WORK INSTRUCTIONS ->
Would you please transcribe the data in full and exactly, excluding images?

SOURCE DATA ->
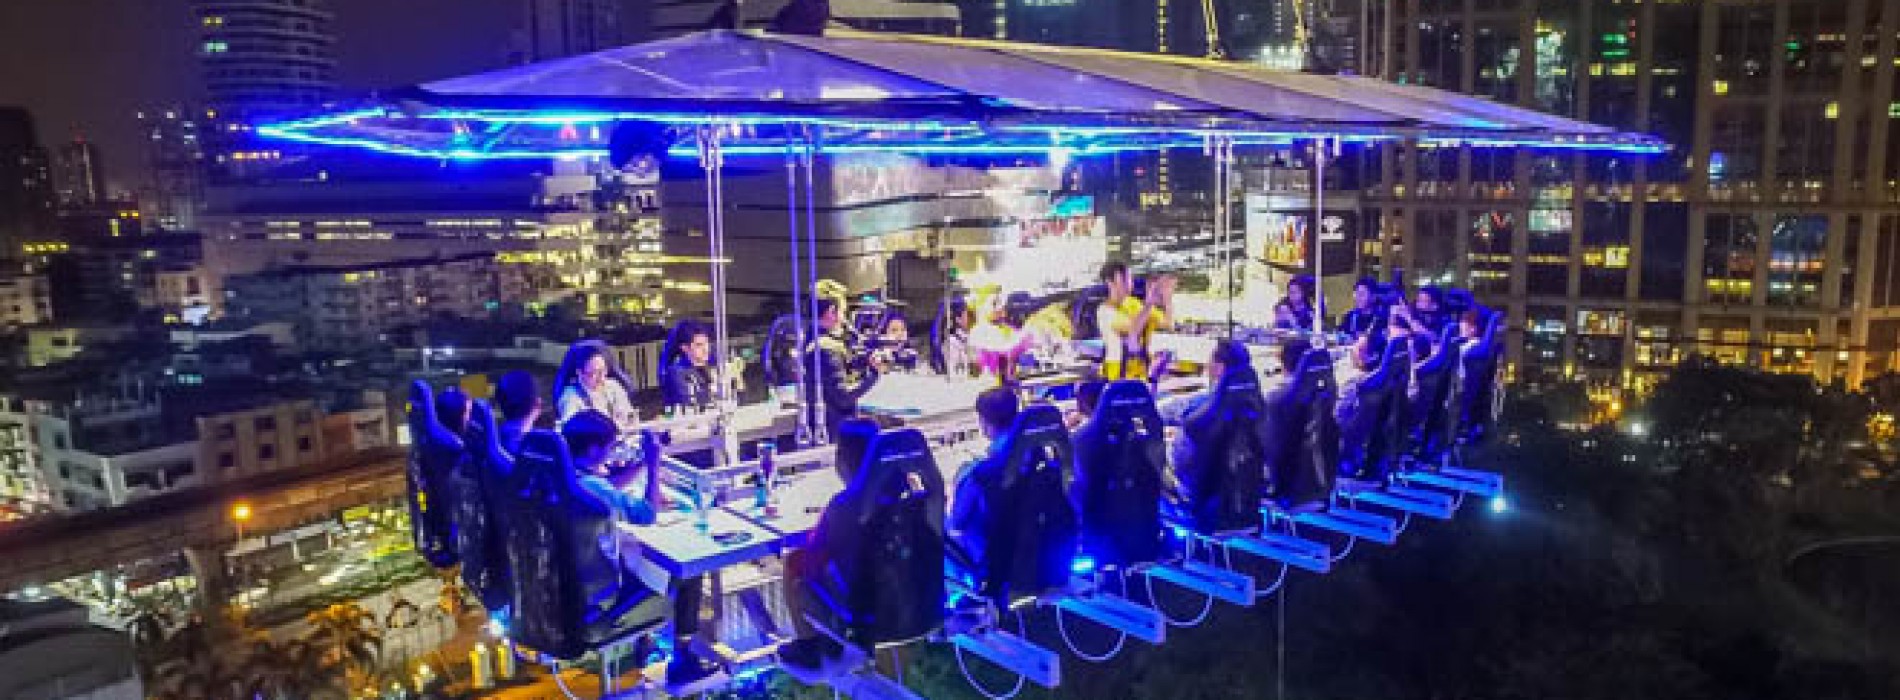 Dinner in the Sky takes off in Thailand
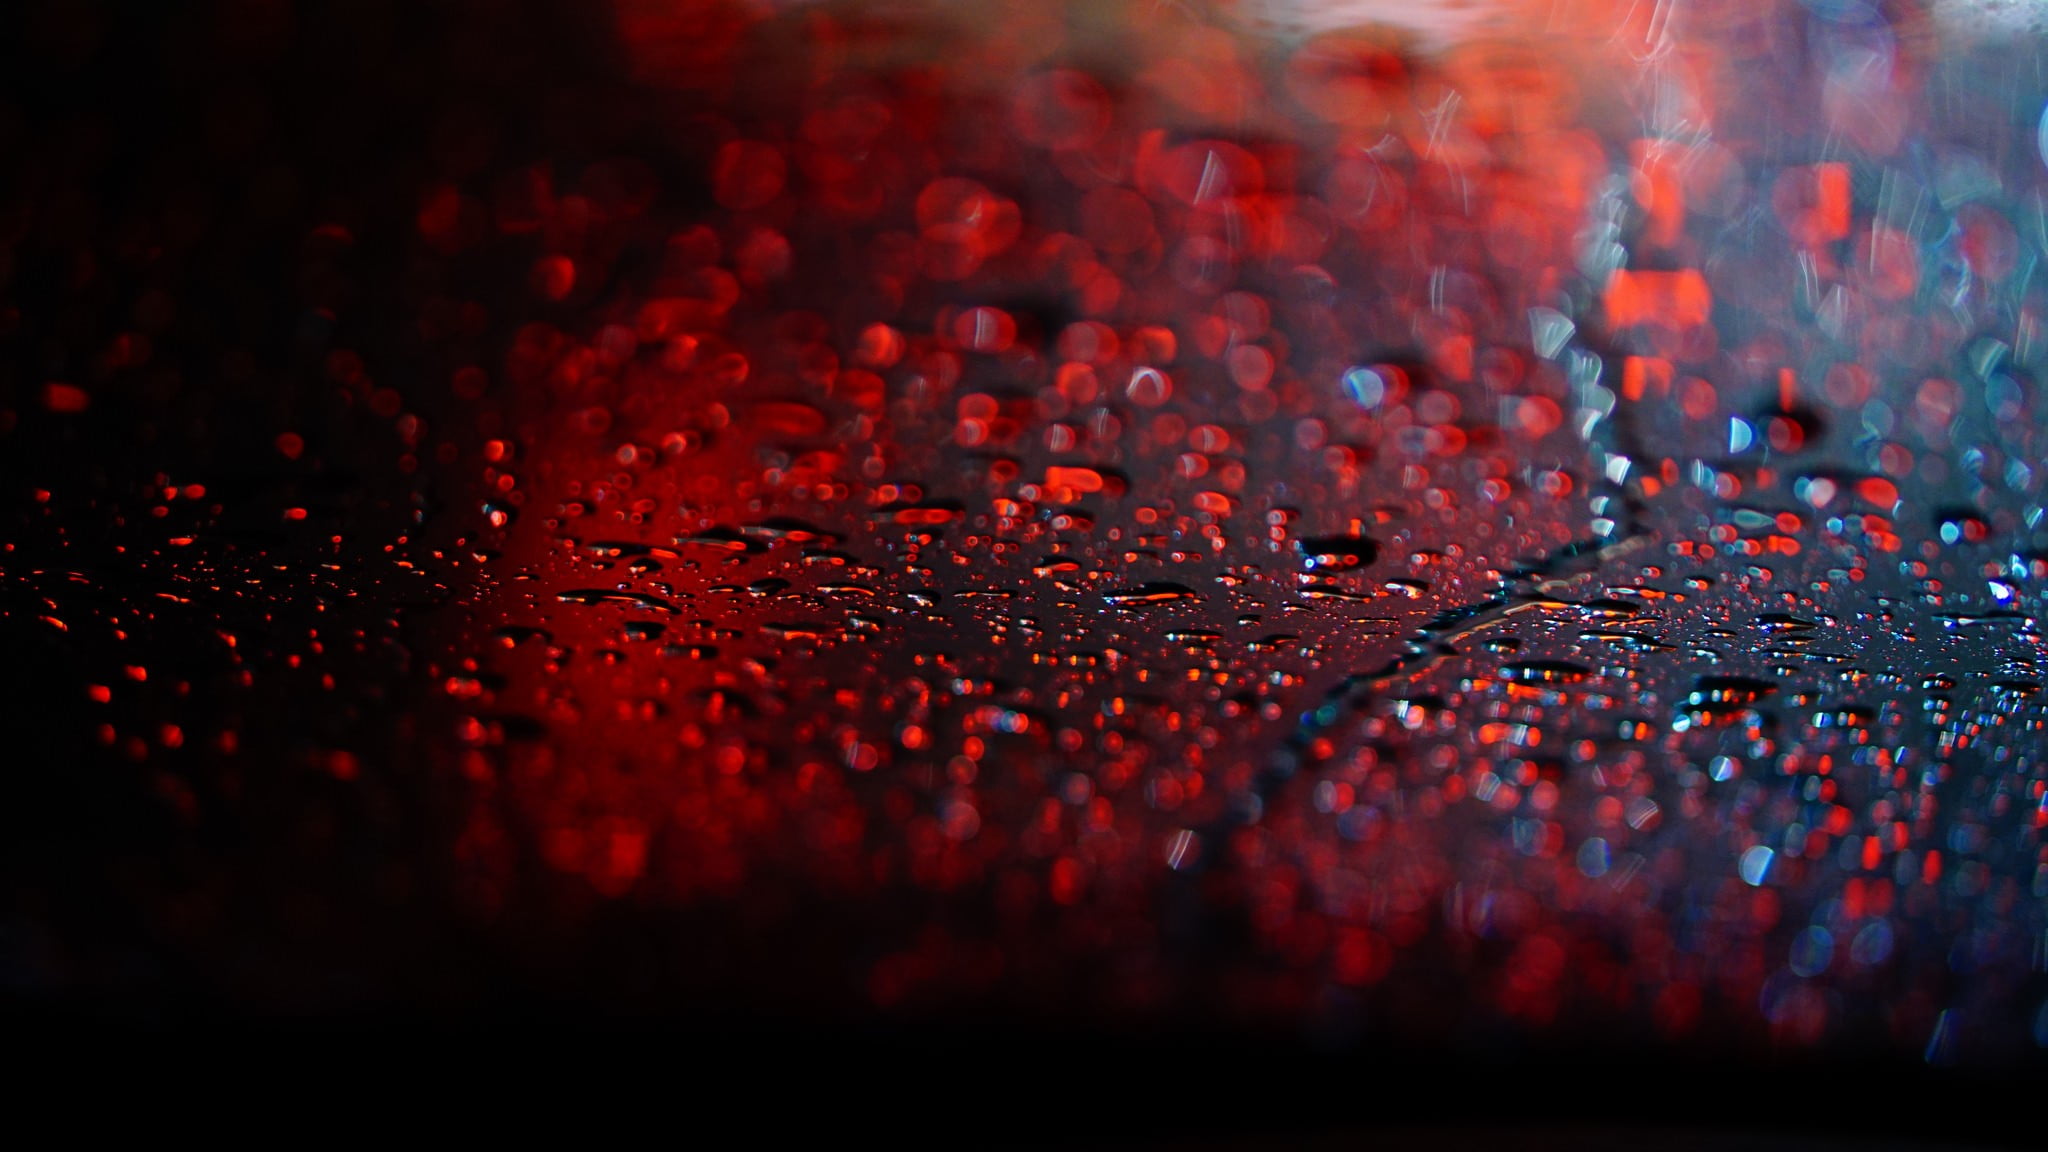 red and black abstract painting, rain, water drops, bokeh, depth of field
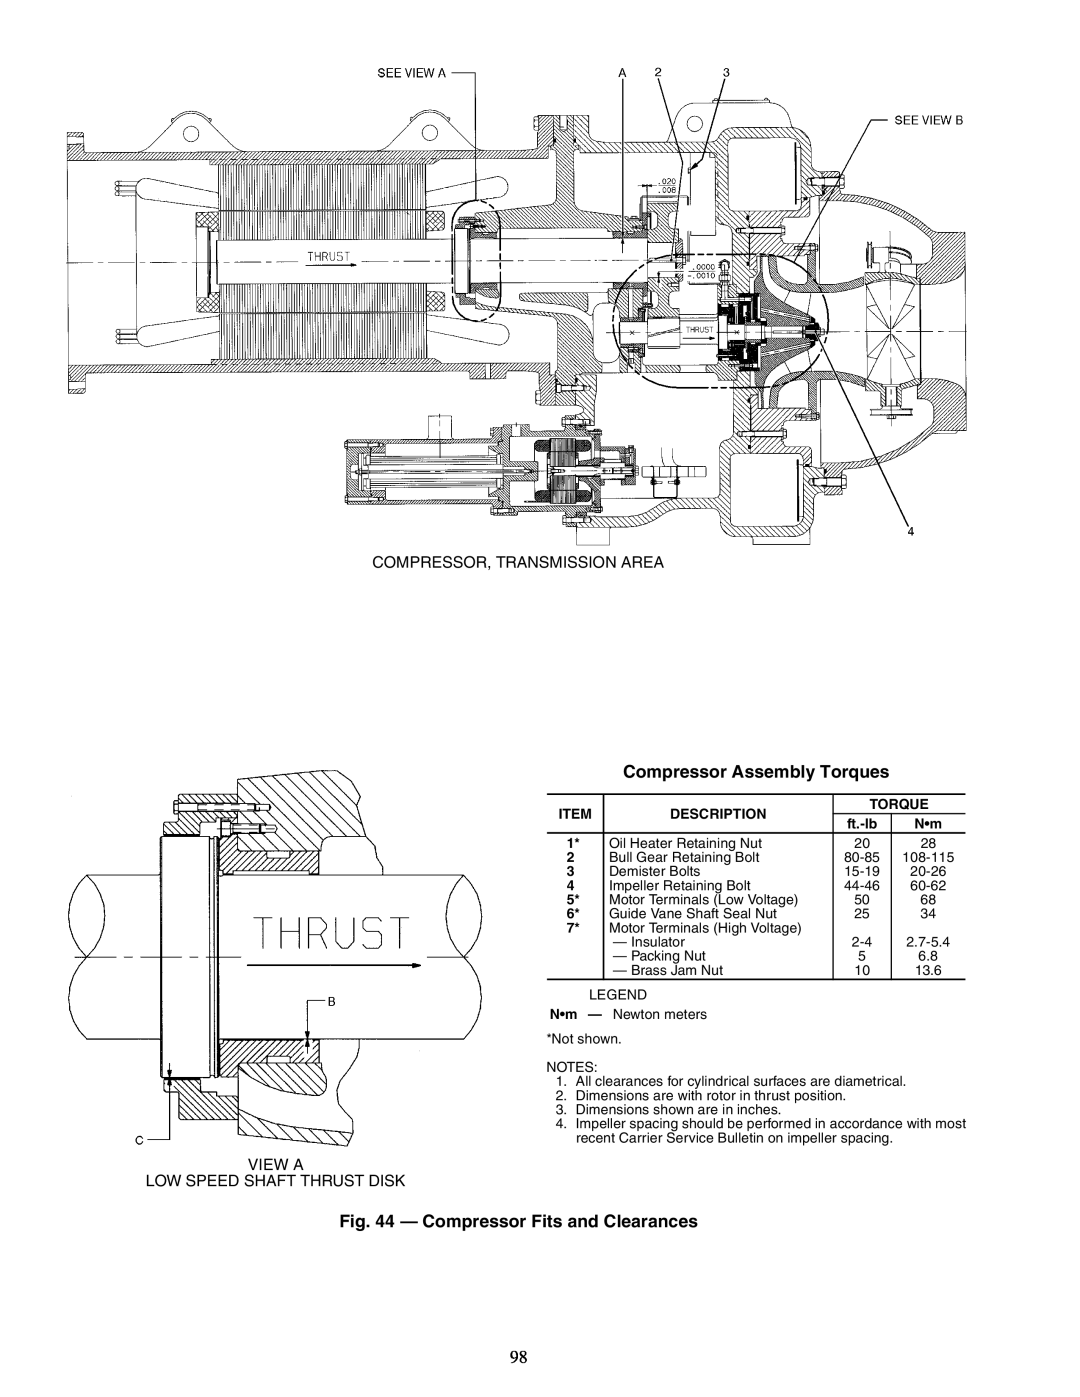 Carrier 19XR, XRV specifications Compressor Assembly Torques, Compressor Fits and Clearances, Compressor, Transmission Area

WRITTEN REPLY ->
 Dinner in the Sky takes off in Thailand
 red and black abstract painting, rain, water drops, bokeh, depth of field
 Carrier 19XR, XRV specifications Compressor Assembly Torques, Compressor Fits and Clearances, Compressor, Transmission Area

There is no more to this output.